When I look back on that emergency, January surgery, those 4.5 months of bed rest, your speedy delivery on a Friday evening at 9:07’ish (no one really seems to know), your first months with us, your first recorded milestones, your first friends, your first team experiences, and all of the things in between and after, I am honestly overwhelmed with gratitude and a heap of precious memories.
I know this probably sounds a tad bit dramatic and probably a whole lot sentimental (you won’t be surprised as you read these words later in life) but son, it’s fair to say, “You’ve already lived 1/3 of your years in our home.”
And as I type those words and acknowledge this truth, I am overwhelmed with bittersweet joy. Because unlike some, I don’t want the hands of time to move more quickly, nor the grains of sand to drop faster. I like you “little;” I like you “big;” but I really, really, really like you living in our home (right now).
These little years have flown; these short days have zoomed; and these seasons and birthdays have been tearing past my heart and eyes in record-breaking speeds. And ya know what I want to do sometimes? Sometimes I just want to gather up all the minutes and all the moments and stick them in a very-large and very-safe “time-trapped bottle.”
And yet I don’t.
Because not only is that an absolute impossibility (not even Batman possess those skills), but I don’t really want to do that.
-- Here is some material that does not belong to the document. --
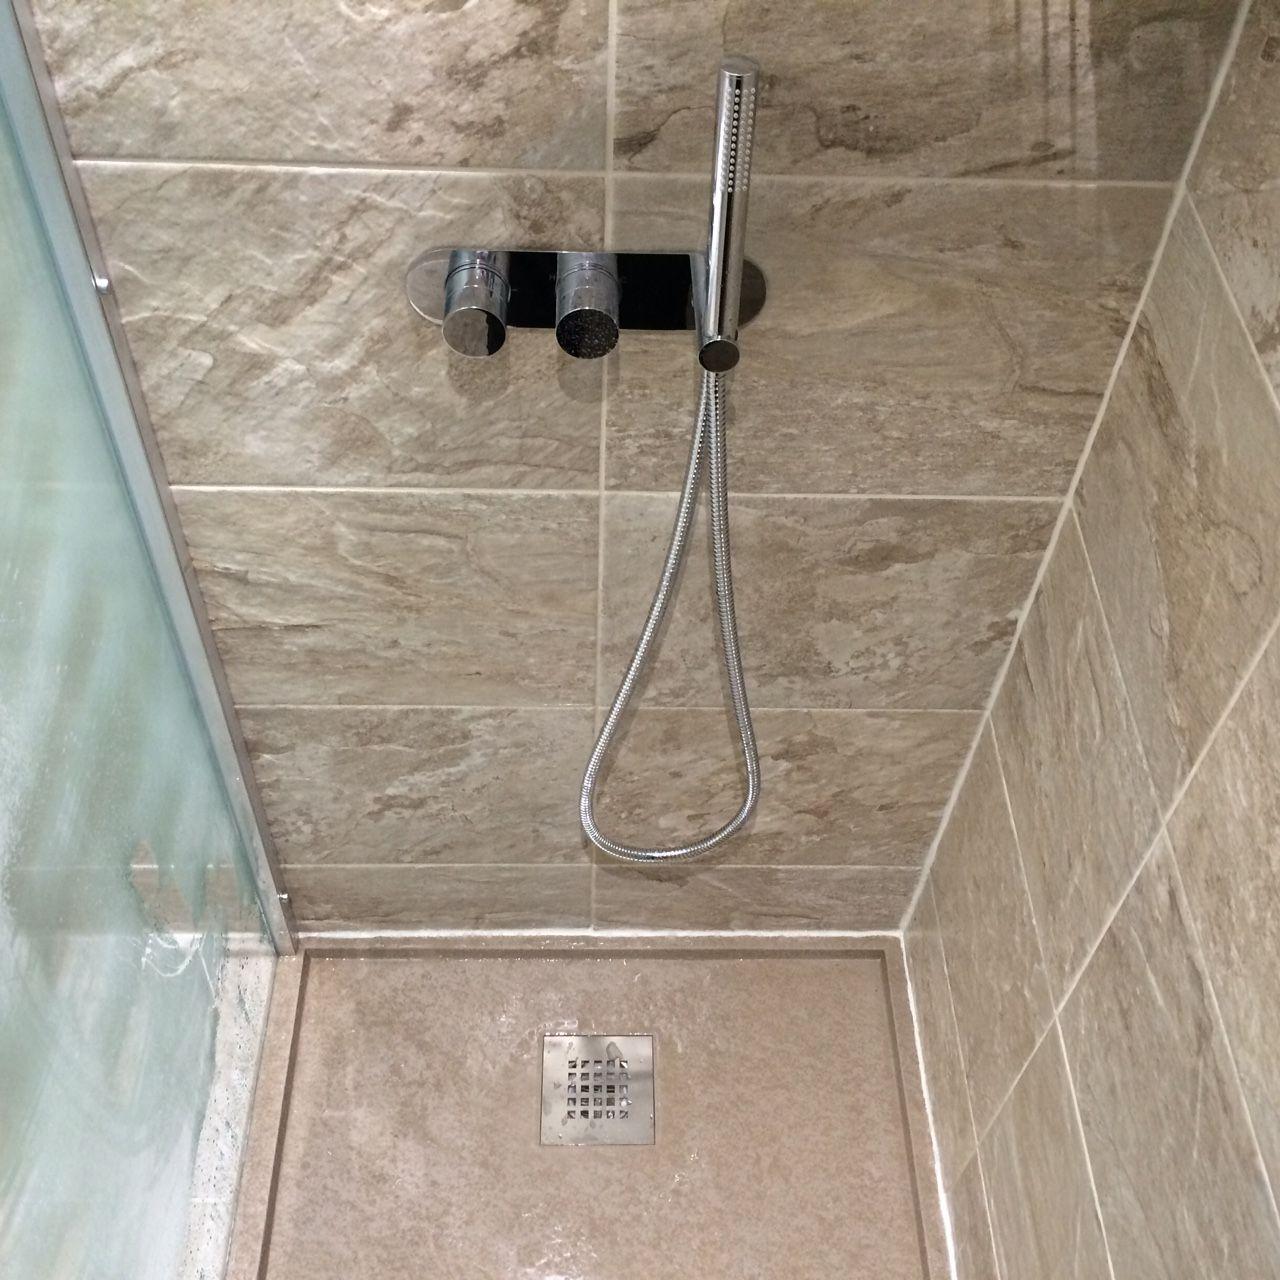 Shower Tray Fiora, Silex Tray, Cappucino. Shower Valve

Because if I trap the moments, I stifle the growth. If I capture the minutes, I impede the change. And if there’s one thing I don’t want to do, it’s THAT.
Because in six years, you’ve taught and grown me so much, sweet boy. SO MUCH.
You’ve taught me the beauty of “letting go;”
you’ve taught me the joy of loving introverted souls;
you’ve taught me the hopeful belief that change is always possible;
you’ve taught me the healthiness of boundaries (again);
you’ve taught me the excitement of “child-like faith;”
you’ve taught me the importance of gentle words;
you’ve taught me the value of “slowing down;”
you’ve taught me the fierceness of loyalty;
you’ve taught me the helpfulness of “doing you,”
you’ve taught me the sweetness of sibling love;
you’ve taught me the necessity of adjusting expectations and changing directions;
you’ve taught me the power of prayer;
you’ve taught me the significance of consistency and follow-through;
and you’ve taught me the immensity and imminence of the Gospel.
And as I marvel on this 6th birthday at the beautiful and humbling ways you’ve changed and grown, I can’t help but “thank you” for all the big and gracious ways your life has changed and grown mine.
You are a treasure, my son–a blessing unable to be measured and a joy which cannot be compared–and I thank you for all of the many, many ways your life has been used by God to change me from the inside-out, the outside-in.